Before Will Smith's Slap, The Academy Banned A 'Godfather' Actor For Piracy
While the news of Will Smith resigning from the Academy sinks in and hundreds of opinion pieces abou it start to flood every online channel, let’s rather look (and maybe even laugh) at the very first Academy member who got thrown out by the Hollywood elites. Not for assault — that wouldn’t be much of a laughing matter, really (unless it involved a banana peel and some pie, of course). No, The Godfather actor Carmine Caridi got expelled from the Academy in 2004 because he shared his movie screeners with his VCR repair guy.
The late Caridi (who passed away in 2019) was originally cast as Michael Corleone’s brother Sonny in Francis Ford Coppola’s trilogy, but when the studio execs told Coppola the actors needed to be shuffled, Caridi got cut. When the sequels came along, however, Coppola remembered the stage actor and Caridi was cast as Carmine Rosato in Part II and Albert Volpe in Part III.
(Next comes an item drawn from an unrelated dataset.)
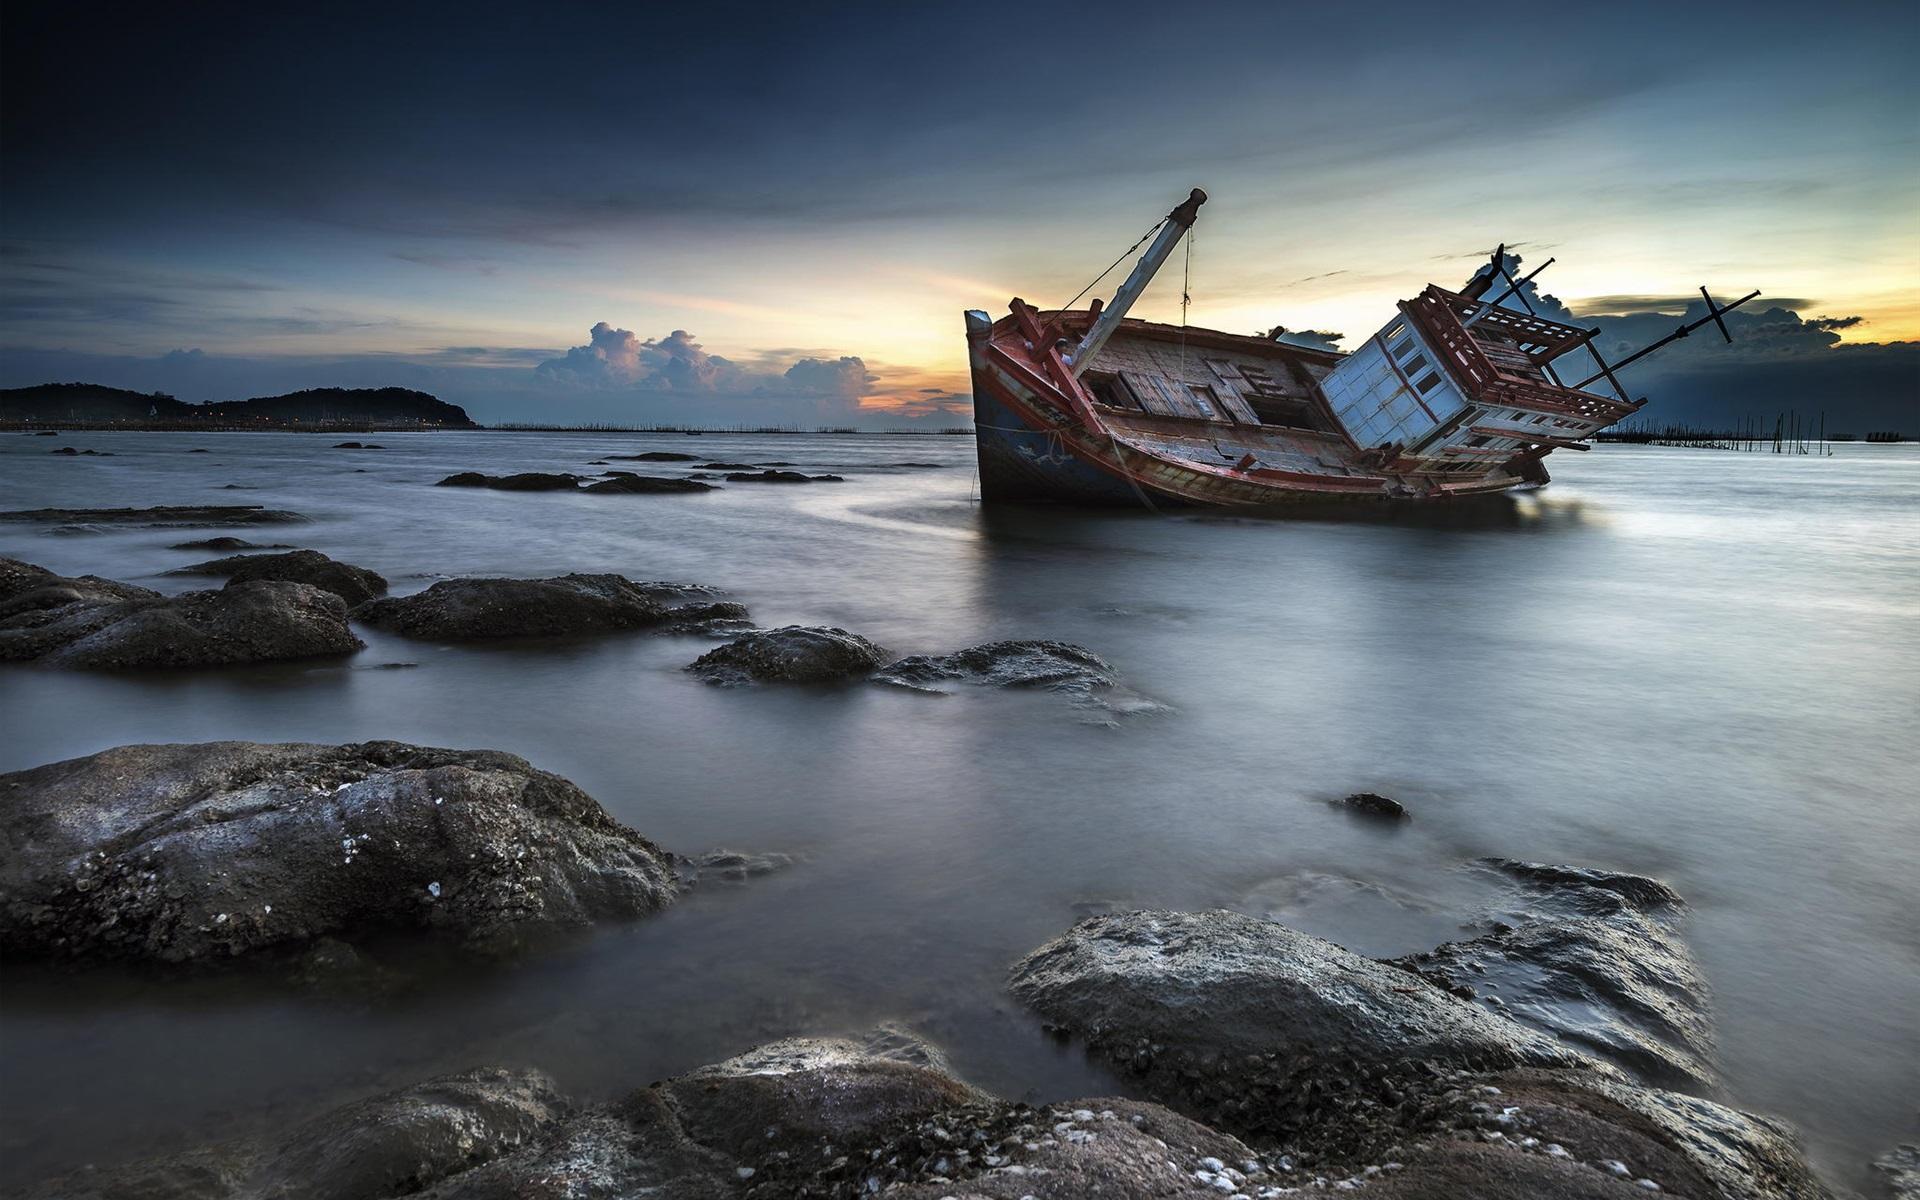 картинка корабль море скалы она

In 1982 the Academy made Caridi “One of us!” and he soon started to receive those exclusive screeners. It was also around this time that Caridi met Russell Sprague — a friend of a guy who knows a guy and who helped Caridi fix his broken VCR. In return, Caridi lent Sprague his screeners to copy, because the actor probably didn’t think that sharing the joy of movies with others would turn out to be a thing that could actually land him in jail.
Enter the goddamn FBI, because this could easily have been a dark comedy directed by the Coen brothers. The Feds told Caridi that he’d get immunity for giving them Sprague’s name. That immunity, however, did not include the Academy looking the other way while one of their own were being publicly exposed for aiding and abetting some good ol’ piracy.
Caridi was expelled, but he still received screeners from the Screen Actors Guild. When asked how many, he replied: “Some, not as much as I got from the Academy. I lend them to my neighbor.”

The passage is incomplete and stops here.